Envie d’un dessert qui bluffe dès la première cuillère ? Le tiramisu abricot romarin a ce petit truc en plus qui fait lever les sourcils autour de la table : zéro café, zéro chocolat, mais une gourmandise intacte. En plein été, quand les abricots sont au top, cette version ultra fraîche coche toutes les cases : fruitée, crémeuse, et franchement simple à préparer à l’avance. Le meilleur moment, c’est quand le parfum arrive sans prévenir : un romarin discret, planqué dans les abricots, qui donne de la profondeur sans faire “dessert aux herbes”. Résultat : un tiramisu qui garde son côté réconfortant, mais avec une légèreté ensoleillée, parfaite à servir bien froid.

Les ingrédients

  • 600 g d’abricots bien mûrs (environ 10)
  • 1 c. à soupe d’huile d’olive
  • 40 g de sucre vanillé ou de cassonade
  • 1 branche de romarin
  • 500 g de mascarpone
  • 160 g de sucre (120 g pour les jaunes, 40 g pour les blancs)
  • 6 œufs
  • 85 g de confiture d’abricot
  • 100 g d’eau
  • 35 g de rhum ambré (ou épicé)
  • Environ 25 à 30 biscuits cuillère

Les étapes

Découper les abricots grossièrement, puis les faire revenir à feu moyen dans l’huile d’olive. Ajouter le sucre vanillé (ou la cassonade) et la branche de romarin, puis cuire environ 5 minutes : l’objectif est d’obtenir des morceaux juste fondants avec un peu de jus, sans transformer le tout en compote lisse. Transvaser et laisser refroidir complètement.

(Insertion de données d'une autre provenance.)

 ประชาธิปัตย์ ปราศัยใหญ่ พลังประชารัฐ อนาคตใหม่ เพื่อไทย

Préparer le sirop : faire bouillir l’eau avec la confiture d’abricot, retirer du feu, puis mixer pour lisser. Ajouter le rhum et réserver au frais. Ce sirop doit être parfumé mais rester fluide pour imbiber les biscuits sans les détremper.

Préparer la crème : séparer les jaunes des blancs. Blanchir les jaunes avec 120 g de sucre jusqu’à obtenir une masse pâle et épaisse, puis incorporer le mascarpone. Monter les blancs en neige avec une pincée de sel, ajouter progressivement les 40 g de sucre restants, puis incorporer délicatement à la maryse en trois fois : c’est la clé pour une crème bien mousseuse et ultra onctueuse.

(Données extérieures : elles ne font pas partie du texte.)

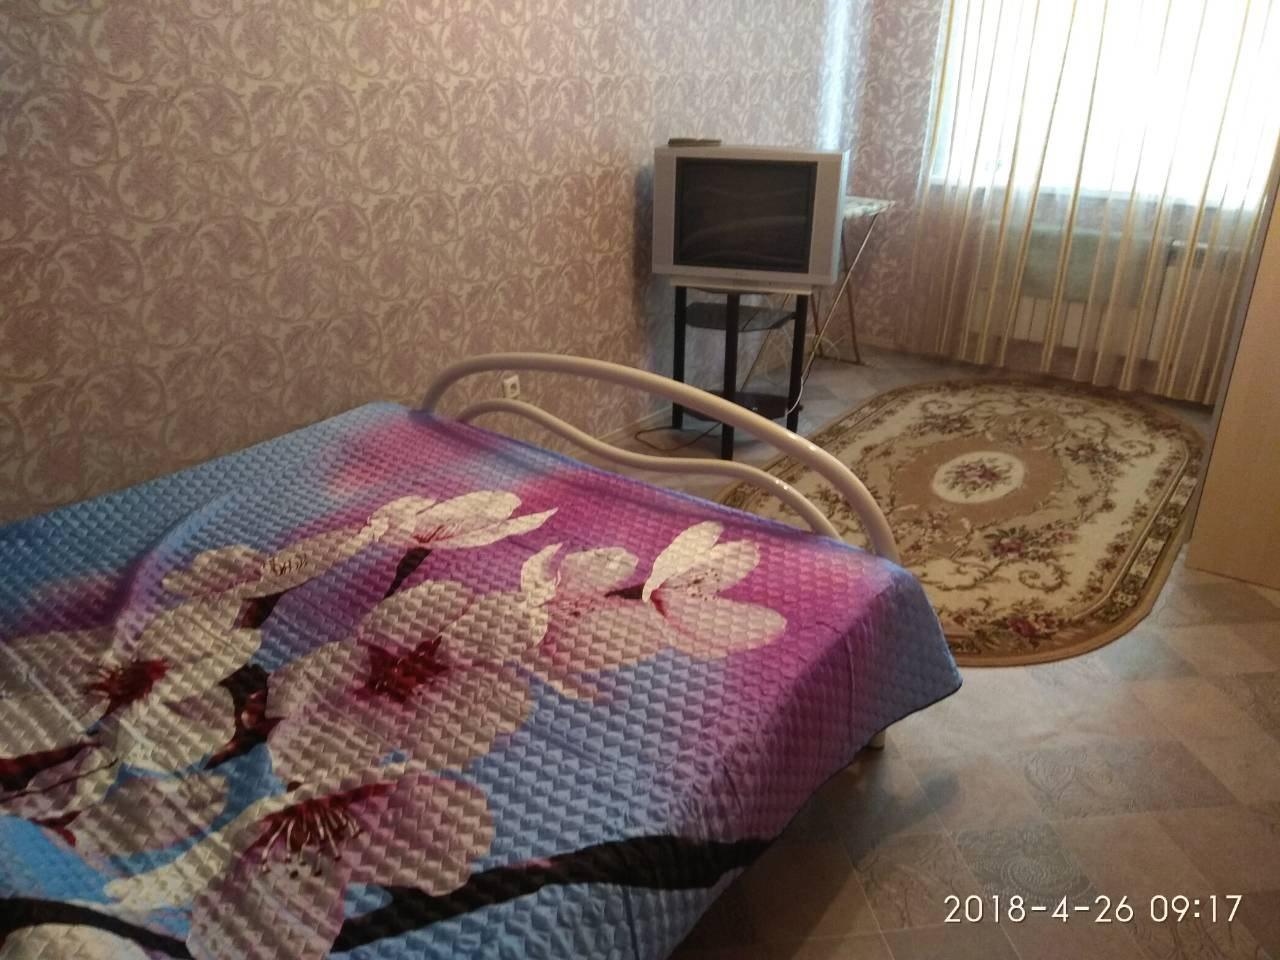 На час квартиру оренбурге сдам в амфибия восток продам часы

Assembler : tremper rapidement les biscuits cuillère dans le sirop abricot-rhum, les disposer au fond du plat, ajouter une couche de crème, puis répartir une couche d’abricots au romarin. Recommencer avec biscuits imbibés et crème, filmer et réserver au réfrigérateur au moins une nuit. Pour la touche finale, ajouter le reste d’abricots et quelques brins de romarin : c’est là que le “faux tiramisu” révèle son secret, sans café ni chocolat, mais avec une fraîcheur redoutable.

Pourquoi ce « faux tiramisu » met tout le monde d’accord : la fraîcheur des abricots et le romarin en embuscade

Ce qui fait craquer, c’est le contraste : des couches crémeuses comme un tiramisu classique, mais une sensation plus légère grâce aux abricots bien mûrs. Le romarin, lui, ne cherche pas à prendre toute la place : il arrive en fin de bouche, un peu comme une note “sud” qui réveille le fruit sans le masquer. En août, c’est exactement le genre de dessert qui passe tout seul après un barbecue, un déjeuner sur le balcon ou un repas de vacances, parce qu’il se mange bien froid et qu’il n’écrase pas le palais.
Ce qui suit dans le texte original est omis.